Frustration by local drainage boards has been largely focused on the state level, particularly in the Indiana General Assembly. One possibility is that state agency participation in drainage issues may be reduced, perhaps defaulting to the federal structures. A benefit might be reduced governmental streamlining, but a detriment might be reduced environmental protection. If the resulting system pits federal environmental concerns against local drainage concerns, with the state acting merely as the agent for implementing federal mandates, the opportunities for achieving conflict resolution would appear to suffer further limitation.

Wetlands have been demonstrated to provide numerous benefits. During heavy rains, wetlands can store water and slow the flow of surface water. The economic benefits of wetlands for "flood control, drought mitigation, groundwater recharge, water quality, public and private water supply, and soil conservation are large. For example, wetlands help prevent costly flood and drought damage." 13 At the same time, wetlands can develop or redevelop in locations which damage agricultural production, impede new developments, or create health or safety hazards.

Wetlands play a major role in maintaining Indiana's water quality. Wetlands absorb excess inorganic and organic nutrients such as farm fertilizers and septic system runoff, and they filter sediments such as eroded soil particles. Wetland systems help stabilize shorelines and prevent soil erosion. "In addition, water taken for public water supplies require less expensive treatment if the water has been filtered by wetlands." 14 For example, the Lake County Soil and Water Conservation District utilized a grant to create a one-acre wetland near Wolf Lake in Hammond to treat highway runoff from the Indiana Toll Road. Previously, 24 acres of Toll Road runoff drained directly into the lake.15

Wetlands mitigation is one mechanism used to address use conflicts by allowing development in one area but requiring wetlands restoration or preservation in another. This process has its own issues: How much mitigation is appropriate or equitable? How is the worth of a destroyed wetland calculated? How is it determined whether a replacement wetland is comparable?
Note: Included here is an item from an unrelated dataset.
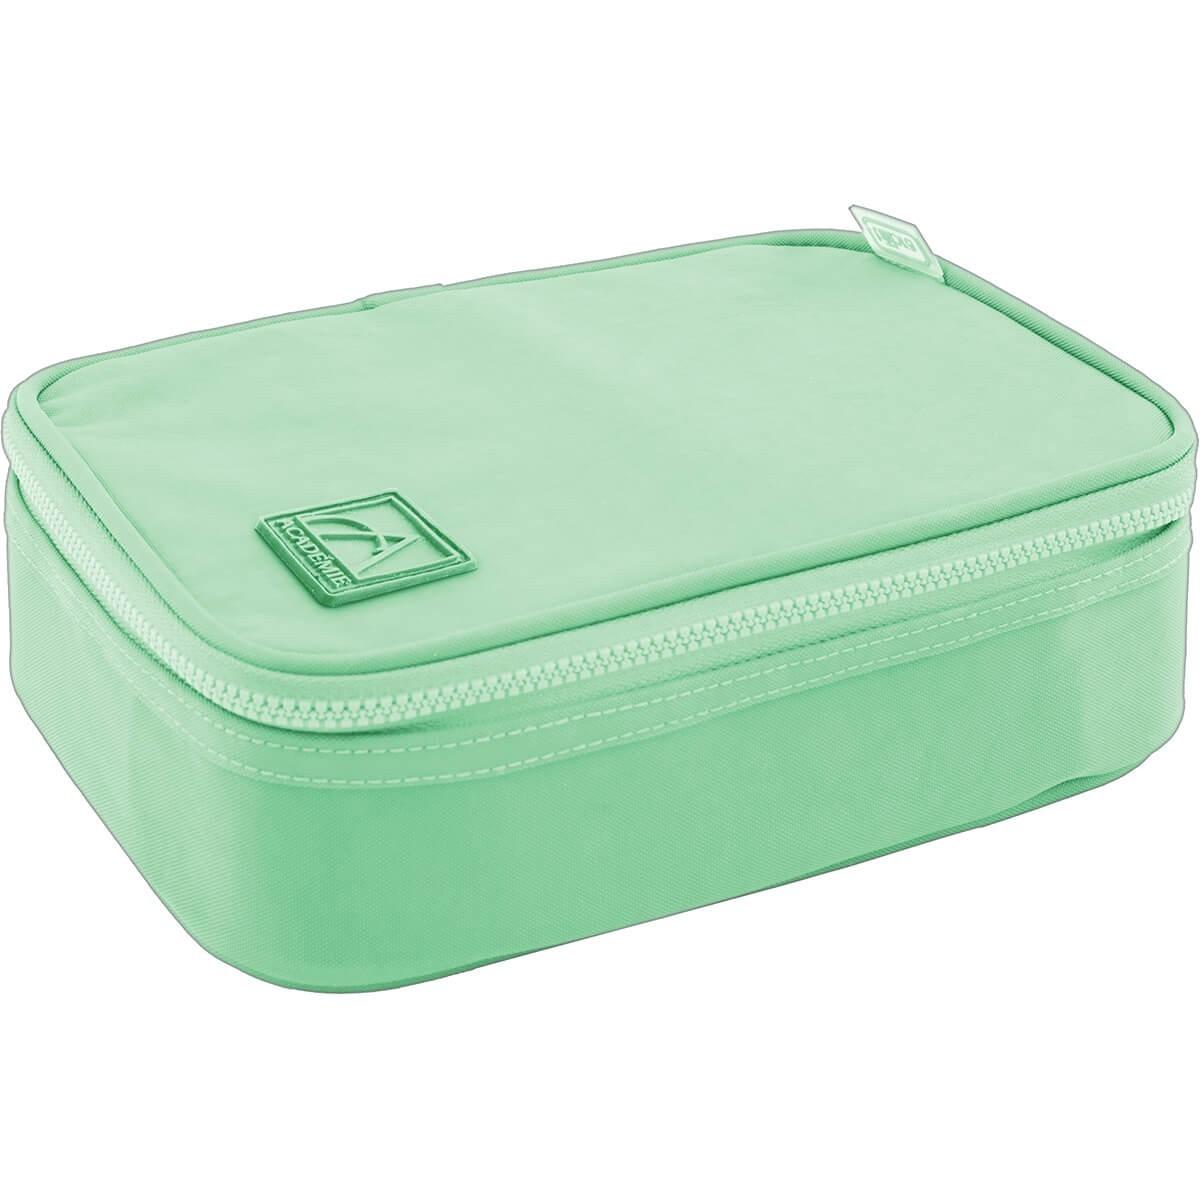 Estojo Box Academie Verde - Tilibra
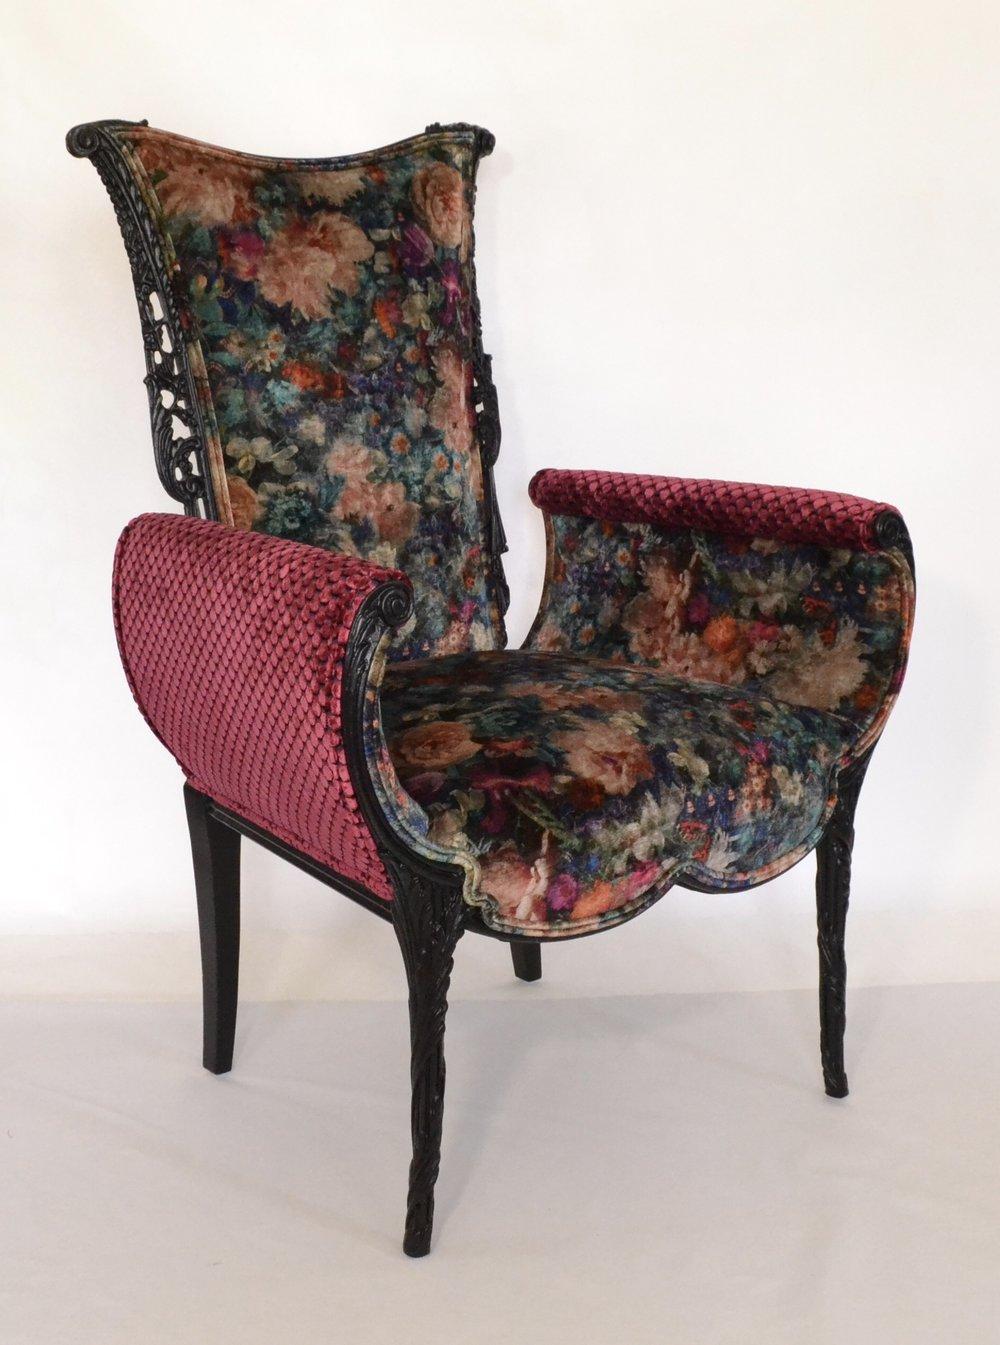 Italian Carved Fireside Chair in Designer Contrasting Velvets

The breadth of uses to which wetlands may be put are not necessarily internally compatible. For example, the Indiana Department of Transportation creates wetlands for a variety of purposes. Generally, they are created as replacement for wetlands that have been destroyed by construction projects. When replacement wetlands are developed, they serve mainly as habitat. In these cases, highway runoff is often kept from entering the wetland because there is a potential for degradation from spills or pollutants. Less frequently, wetlands are created for water quality treatment or for holding floodwaters. If wetlands are established to provide habitat, usage for holding runoff is typically precluded. Wetlands designed primarily for holding runoff may provide only lower quality habitat.16

Functioning largely outside the regulatory structure for waterway management are common-law principles based upon contract or tort theories. Most prominent among these in the context of drainage is probably the "common enemy doctrine." According to this doctrine, a permit may, without creating any right to relief in an adversely affected neighbor, accelerate or increase the flow of surface water by limiting or eliminating ground absorption or changing the grade of the land. A landowner may not, however, throw or cast surface water upon a neighbor in unusual quantities so as to amplify the force at a particular point.17

Disputes under the "common enemy doctrine" or otherwise between users of surface water are typically left to the courts. A mechanism for mediation by the Indiana Natural Resources Commission is anticipated by statute18 but has never been implemented.19

The purposes and cross-purposes to waterway management are many. If resolutions are to be sought for conflicts among them, an overview of existing frameworks is needed.